FWIW, I’m using 780Ti of SM3.5, this design achieved 100% occupancy. However, only 5.16/62.68 warps are eligible for scheduling and achieved only 2.83 IPC.
are you working with float quantities here?
is result a thread-local array? I assume it is not in shared memory.
Have you benchmarked just this piece of code in its own kernel? If not, you may want to do that to remove effects of other code you have not shown here. For example, unless you have __syncthreads() before this, it’s not guaranteed that all warps are performing this code at the same time.
Furthermore, depending on how you are computing your bandwidth, it may not be surprising to witness low bandwidth if your code is compute bound.
I solved the problem by employing more ILP, but I still want to ask that
Since it’s not me calculating the bandwidth, it’s NSight, the shown result shouldn’t be affected by whether the application is compute-bound or IO-bound, right?

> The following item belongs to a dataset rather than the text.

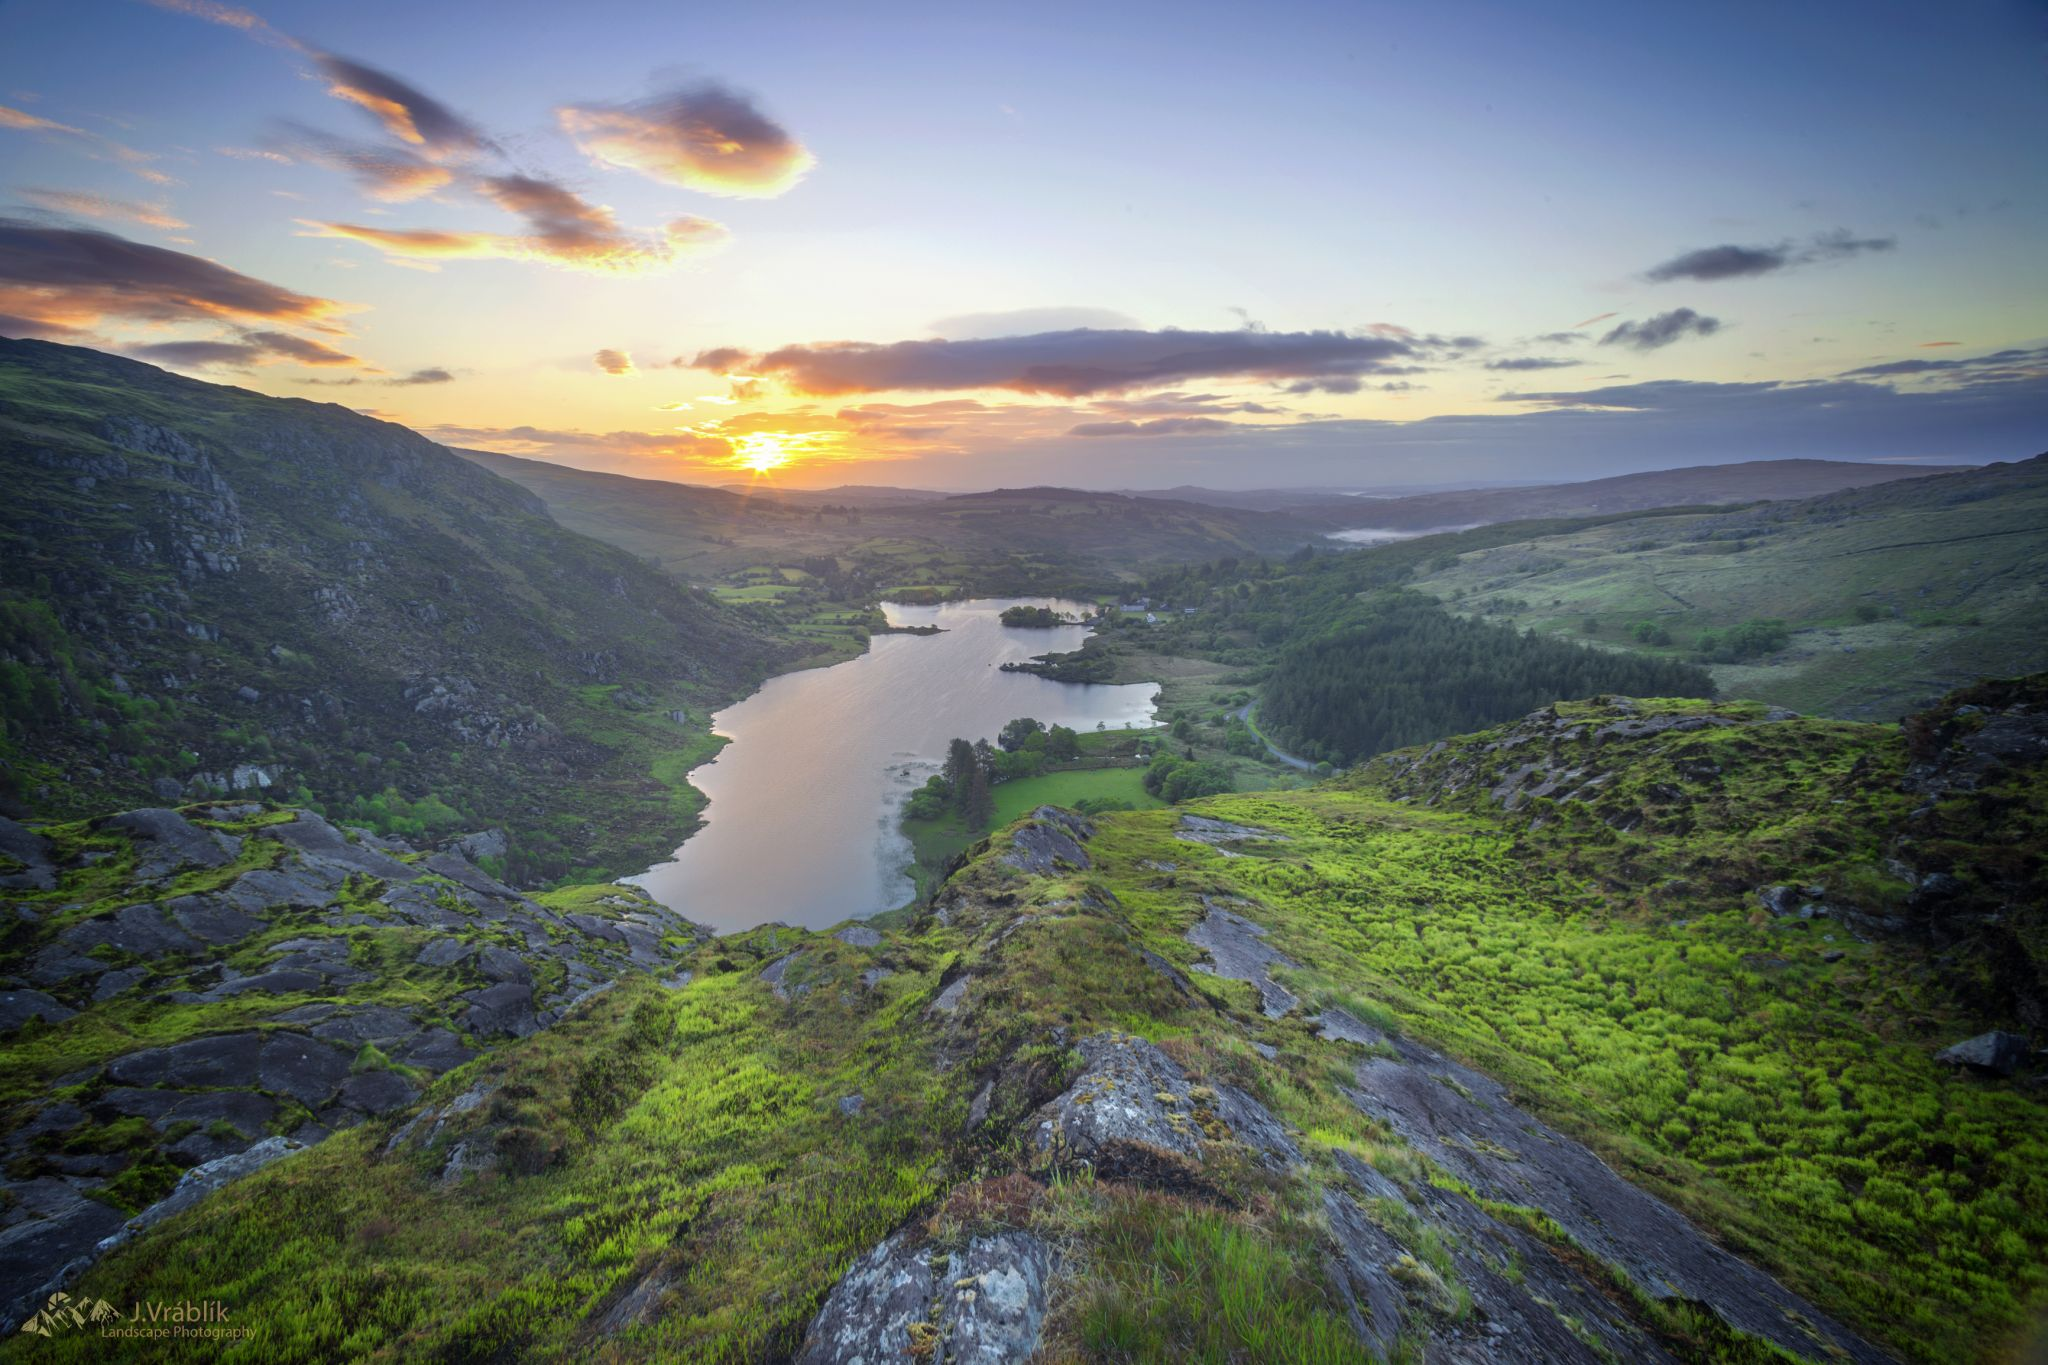 Gougane Barra viewpoint, Ireland

Take Kepler as an example, per SMX it has 4 warp schedulers and 32 LD/ST units. Then it means that the maximum concurrency is 32 load and stores and it takes 4 cycles (assuming the processor is idle) to fully saturate the pipeline (8 issues per cycle)?

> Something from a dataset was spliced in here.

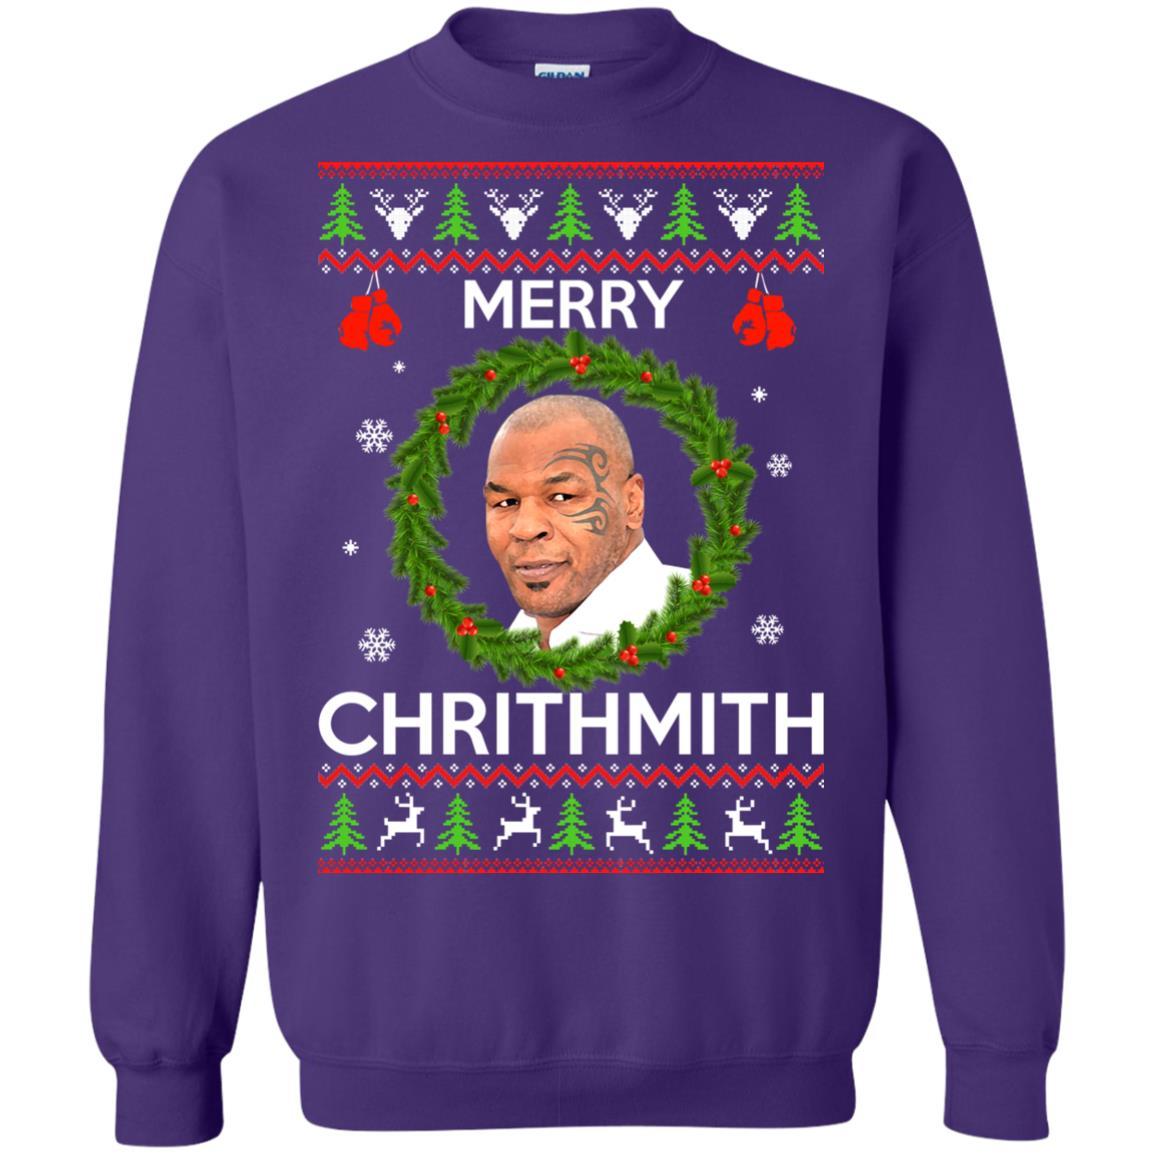 image 847px Mike Tyson Christmas Sweater Merry Chrithmith Sweatshirt

(off topic) CUDA10 removed the support for launching cuBLAS from kernels?
My point is you were worried about low bandwidth. Because a (optimized) matrix multiply is fundamentally a compute bound algorithm on GPUs, I was suggesting low bandwidth might not be a problem. But since you haven’t shown what you are doing other than the data write part, I really have no idea. I wasn’t suggesting that a measurement would be fundamentally affected by compute-bound or latency bound. But if you were measuring this by dividing transactions by total kernel time, for a compute-bound kernel I would expect that to be relatively lower. If, OTOH, you were somehow measuring bandwidth by just measuring the execution time of the code snippet you had shown, I would expect that to be high bandwidth (subject to some caveats about the previous code not shown).
If a SM has 32 LD/ST units, I would generally say it can handle one LD or ST instruction (from one warp, i.e. warp-wide) per cycle. Each warp scheduler could (in theory) have up to two of those types of instructions waiting to be issued in any particular cycle. I don’t understand the rest of your statements.